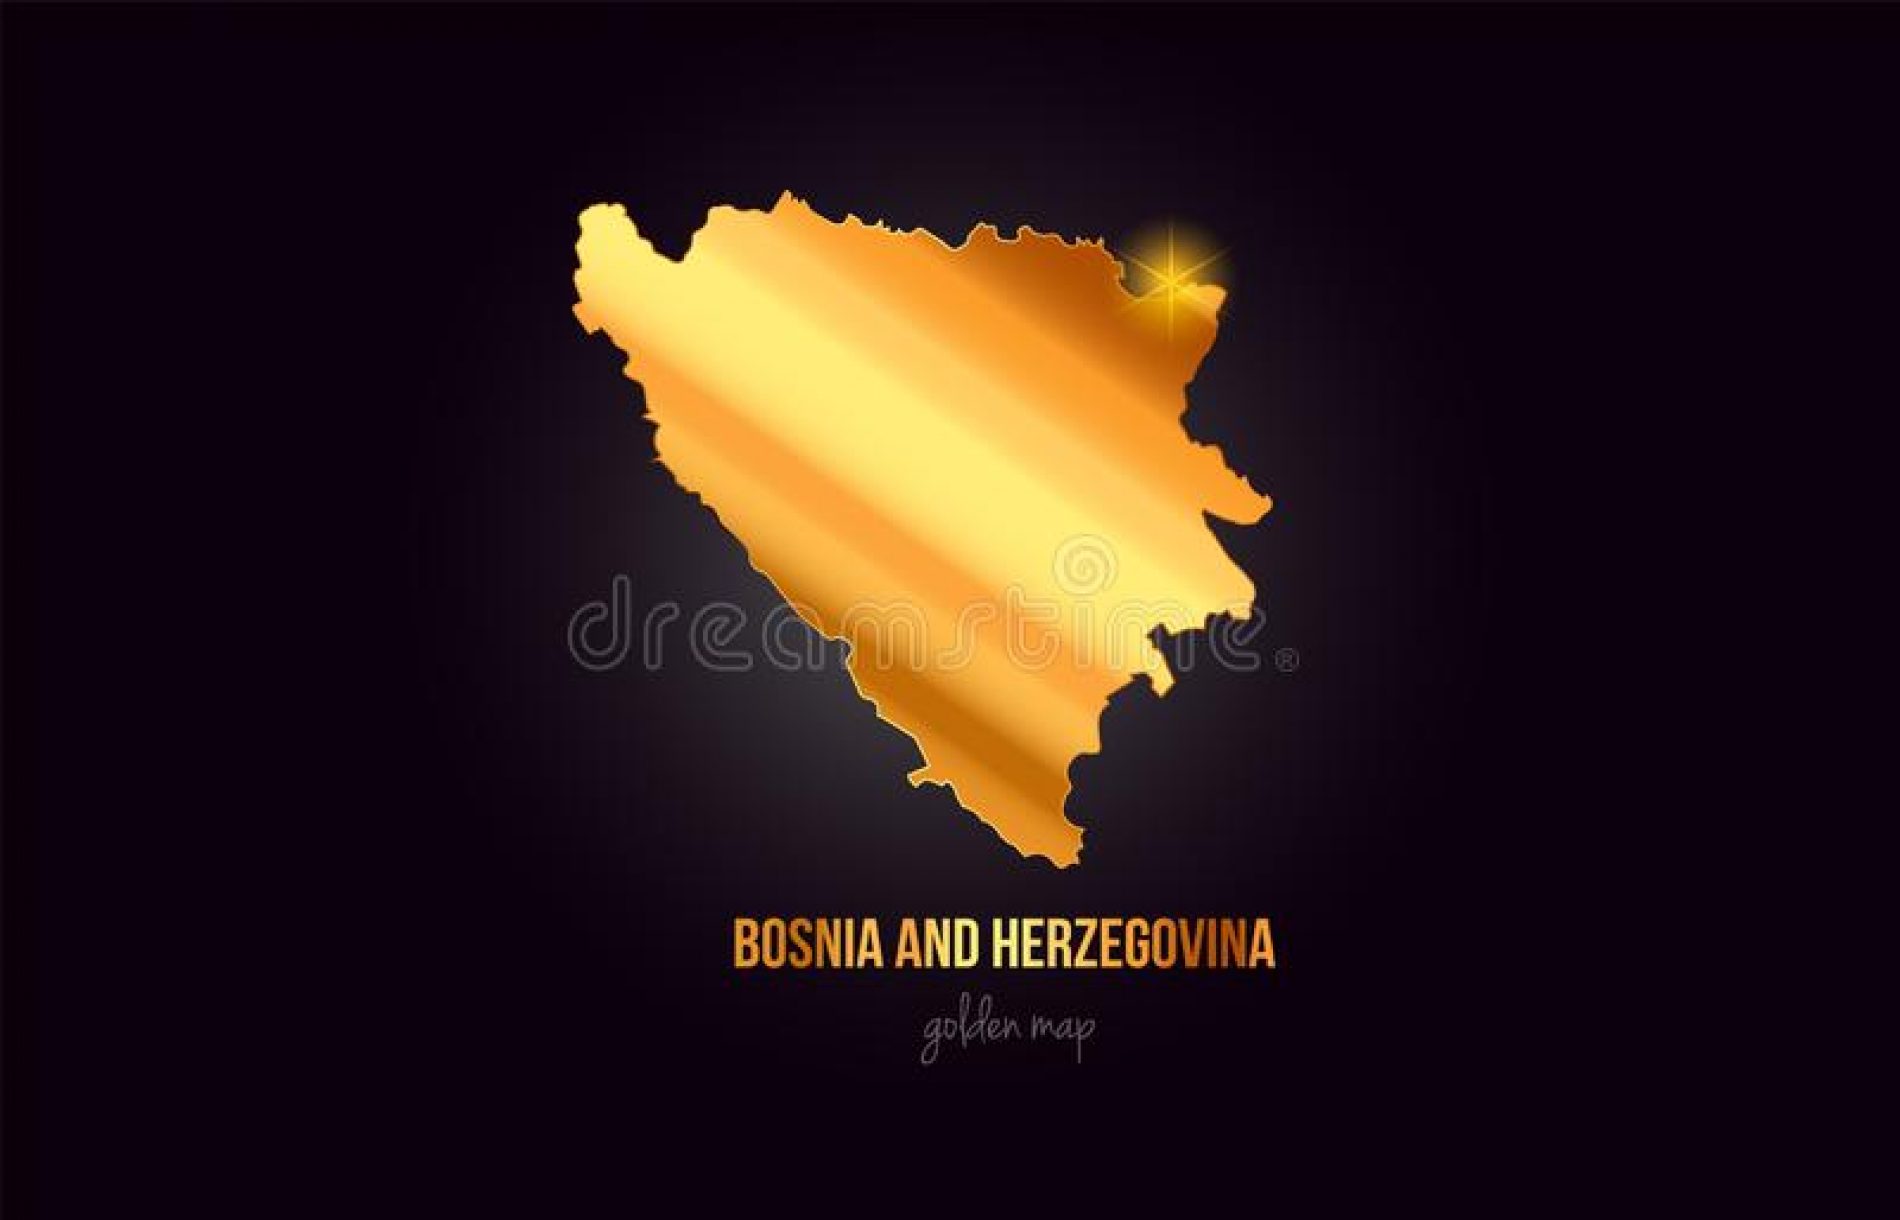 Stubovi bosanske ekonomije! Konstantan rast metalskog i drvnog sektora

○ ○ ○ ○ ○

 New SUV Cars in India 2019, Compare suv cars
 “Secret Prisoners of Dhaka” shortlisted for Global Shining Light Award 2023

○ ○ ○ ○ ○

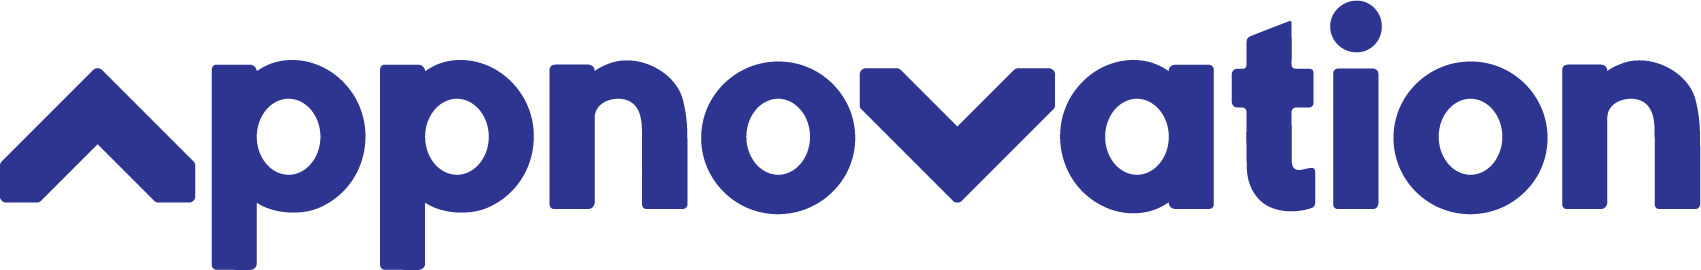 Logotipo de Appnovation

○ ○ ○ ○ ○

Task = Take exactly the lines from the one containing "New SUV Cars in India 2019, Compare suv cars" through the one containing "Light Award 2023" in the data above, and output them with nothing added.

Task answer =
 New SUV Cars in India 2019, Compare suv cars
 “Secret Prisoners of Dhaka” shortlisted for Global Shining Light Award 2023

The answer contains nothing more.